Landing: Remove Navigation from Landing Pages (Tunnel)
Hypothesis
Removing navigation links from a dedicated landing page will focus user attention on the conversion goal.
Test Results
Key Learning
Problem: Users arriving at the landing can't efficiently find what they're looking for, increasing bounce rates.
What worked: Every navigation link on a landing page is a potential exit. Dedicated landing pages (especially for paid traffic) should remove all navigation and provide only one path: convert or leave. This is standard practice for PPC landing pages. (+16.5% lift)
Takeaway: A meaningful improvement that compounds with other optimizations. Navigation improvements affect every page — measure downstream engagement and conversion to understand the full impact.
How to Apply This to Your Site
This experiment demonstrated that landing: remove navigation from landing pages (tunnel) can produce a +16.5% improvement in conversions. The test was run on a landing page page in the cross-industry industry.
Before you test: Consider that navigation tests typically require adequate traffic to reach statistical significance. Run your test for at least 2 full business cycles to account for weekly traffic patterns.

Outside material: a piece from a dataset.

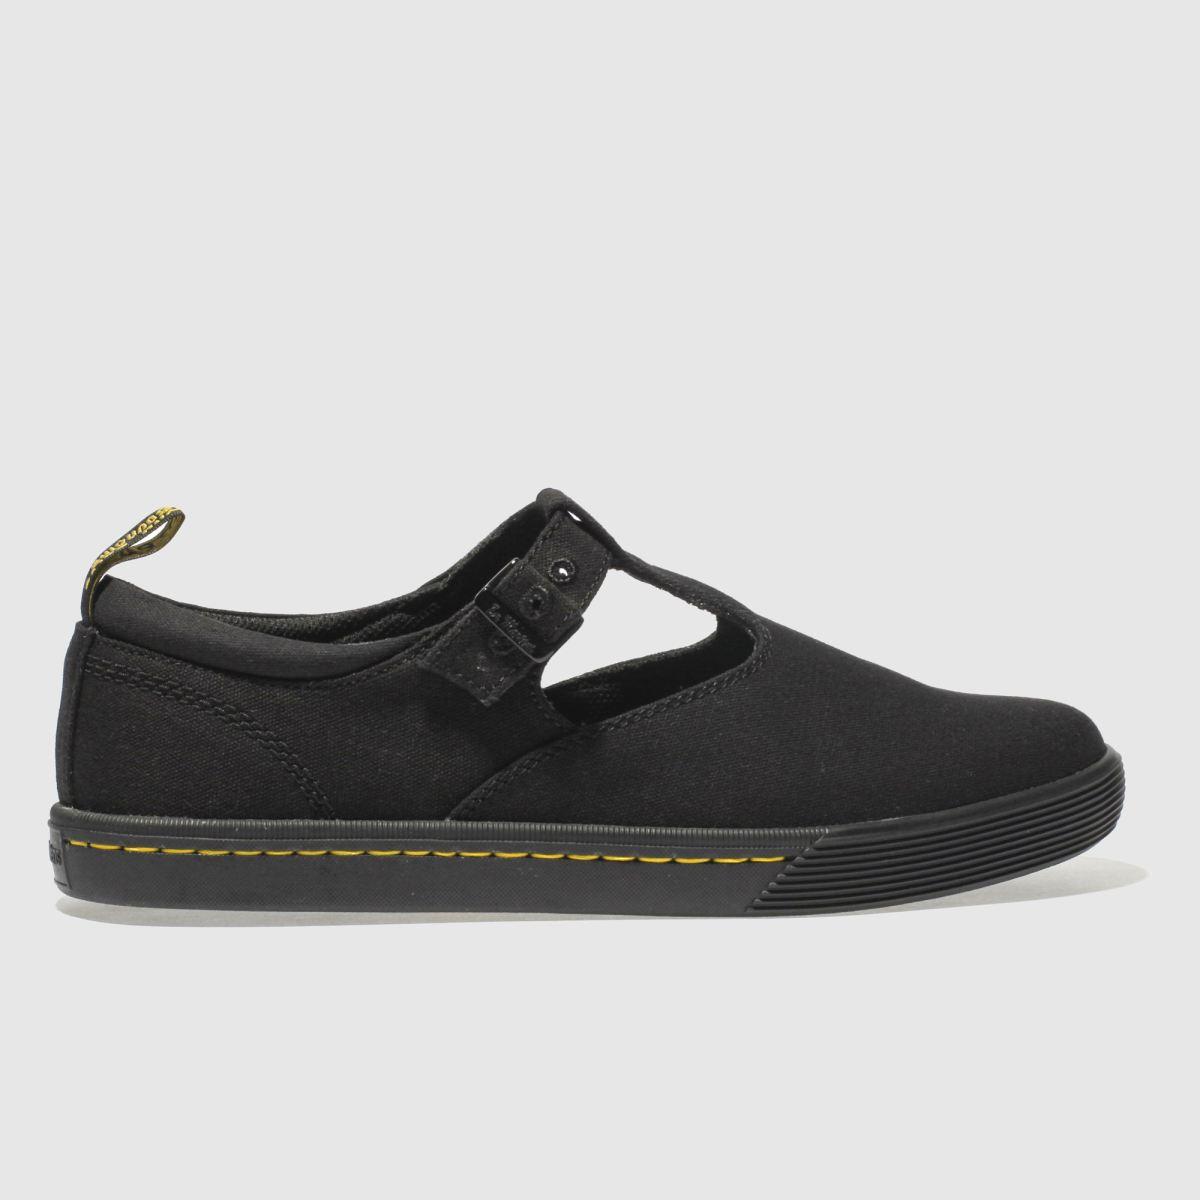 Dr Martens Black Winona Flat Shoes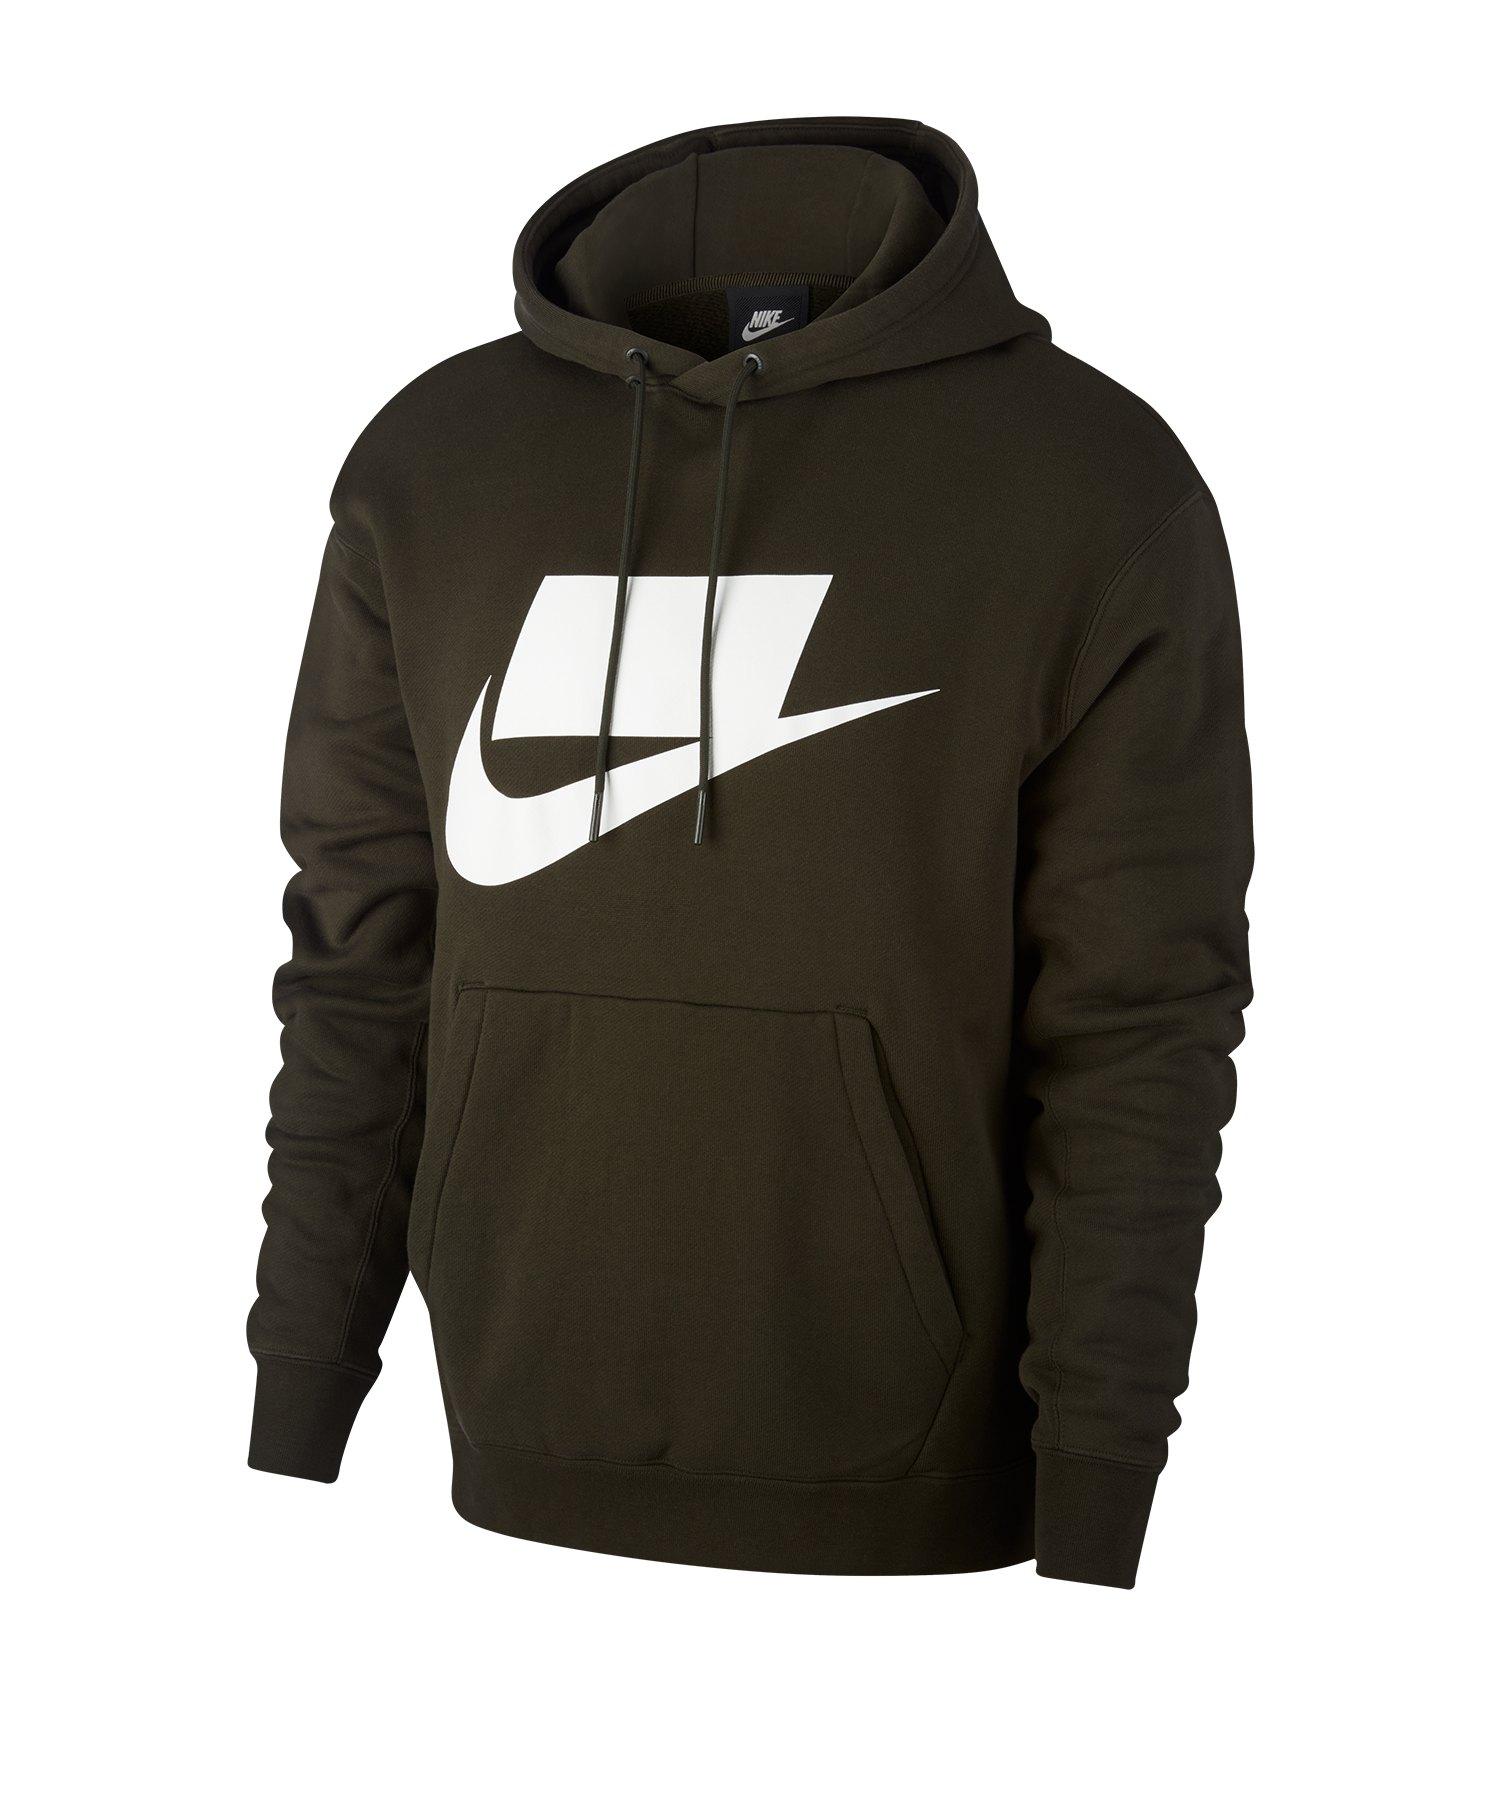 Nike Sweatshirt mit RUSH SOCCER Logo 100% Baumwolle

This result reached 95% statistical confidence, meaning there is a very low probability the observed effect was due to chance. Results at this confidence level are generally considered reliable for making business decisions.
What Was Tested
Test #210 : header navigation links were removed on a landing page to reduce distraction and focus attention on the signup form. Result: +14.3% signups. Classic 'landing page tunnel' pattern validated.
Methodology
Build On These Learnings
Save your own experiments, spot winning patterns across your test history, and stop repeating what's already been tried.